The Robert Lowell Memorial Lecture Series was established in 2005 to bring distinguished writers to campus to read their works alongside a member of the Creative Writing Program faculty and a recent program graduate. The series is funded by Nancy Livingston (COM’69) and her husband, Fred Levin, through the Shenson Foundation, in memory of Ben and A. Jess Shenson.
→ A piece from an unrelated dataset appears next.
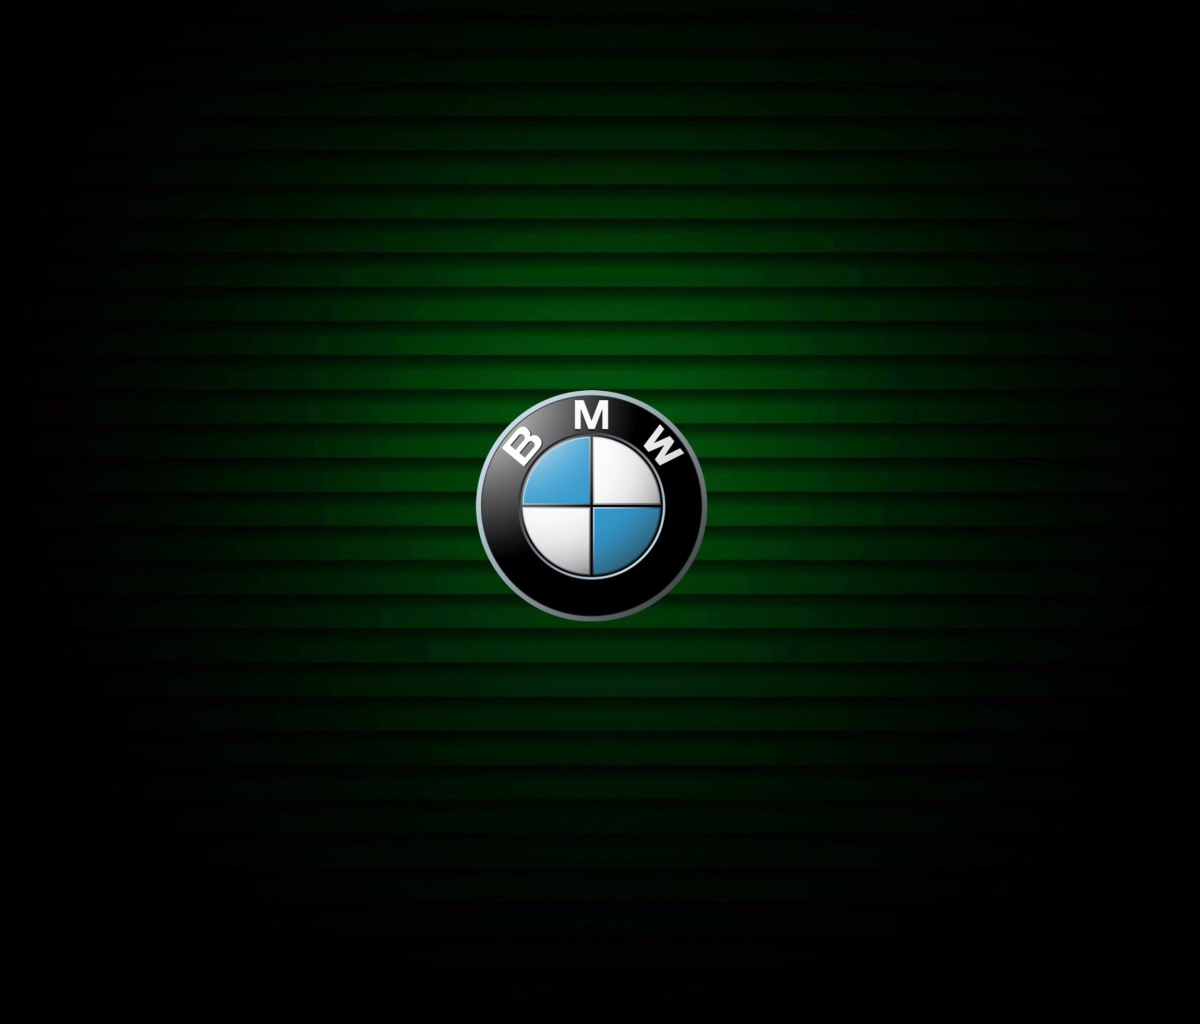 Das BMW Emblem Wallpaper 1200x1024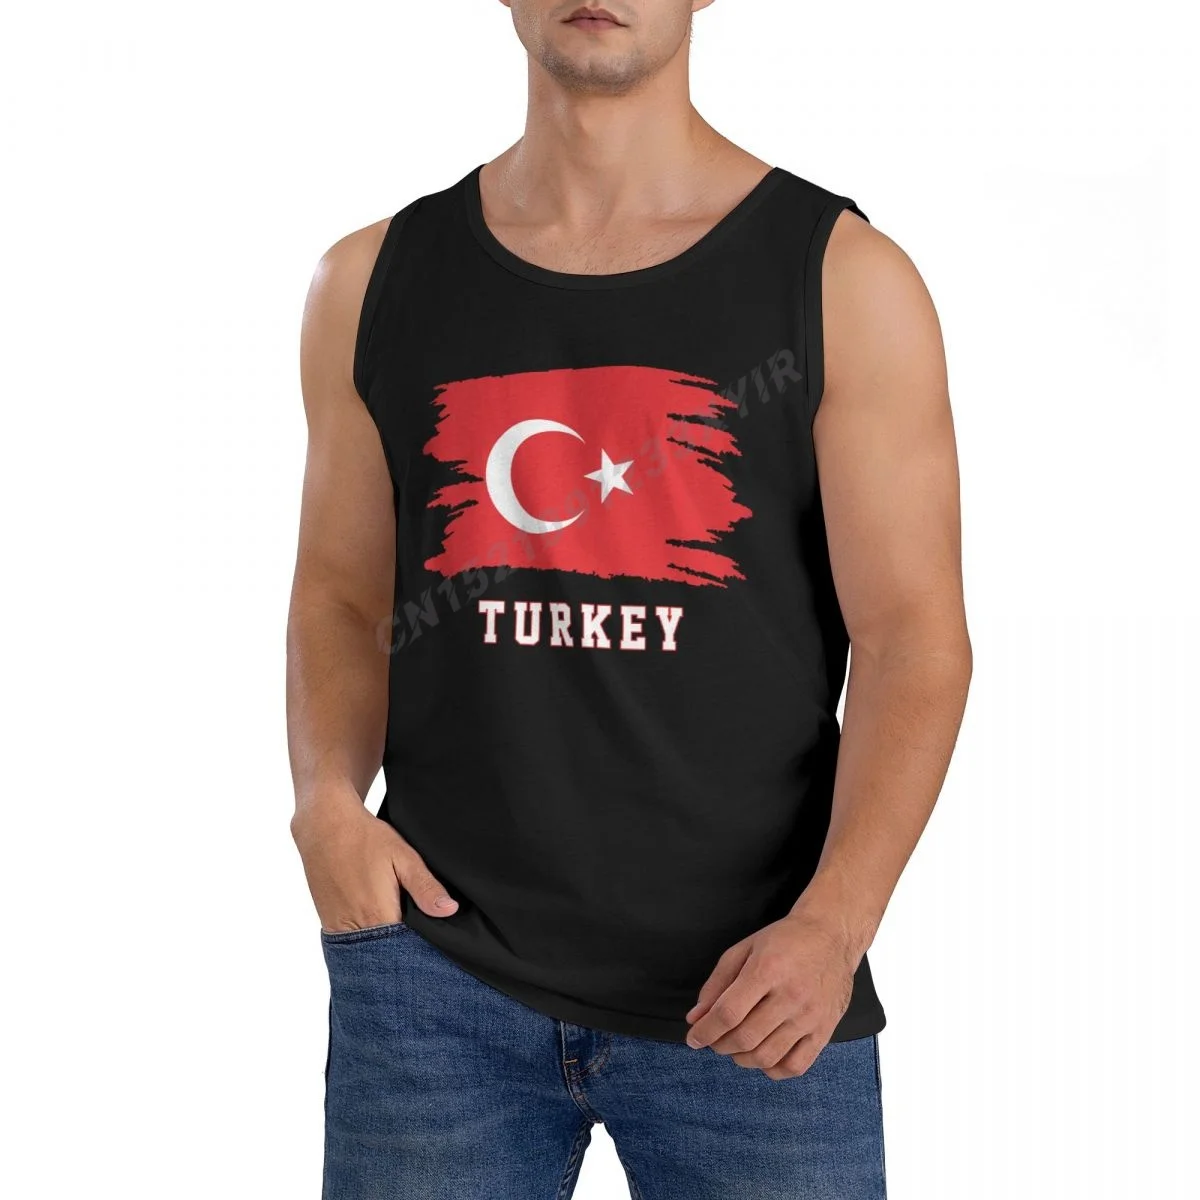 

Men Tank Top Turkey Flag Cool Turks Fans TankTop Men's Shirt 100% Cotton S-3XL O-neck Sleeveless Cool Summer

October 10, 2007, 7:30 p.m.
Photonics Center
Video length is 1:00:06.
About the speaker:
Mark Strand is a Canadian-born poet, fiction writer, and translator whose unique poetic voice — a mix of surrealist influences, symbolist imagery, and minimalist sensibility — has profoundly influenced American poetry since the 1960s. His first two collections, Sleeping with One Eye Open (1964) and Reasons for Moving, Darker and The Sargentville Not (1968) were critically acclaimed and established Strand as a major force in modern poetry. A member of the American Academy of Arts and Letters, Strand was poet laureate of the United States from 1990 to 1991. He has received numerous prizes, including the Pulitzer Prize in 1999 for Blizzard of One (1998), a MacArthur Fellowship in 1987, and a Fulbright Fellowship in 1960. He is a former chancellor of the Academy of American Poets. In addition to publishing 11 collections of poetry, Strand has taught at several universities, including Princeton, Harvard, and the University of Iowa. He left the University of Chicago, where he was Andrew MacLeish Distinguished Service Professor of Social Thought, in 2005 and currently teaches at Columbia University. He holds undergraduate degrees from Antioch College and Yale University and a master’s degree from the University of Iowa.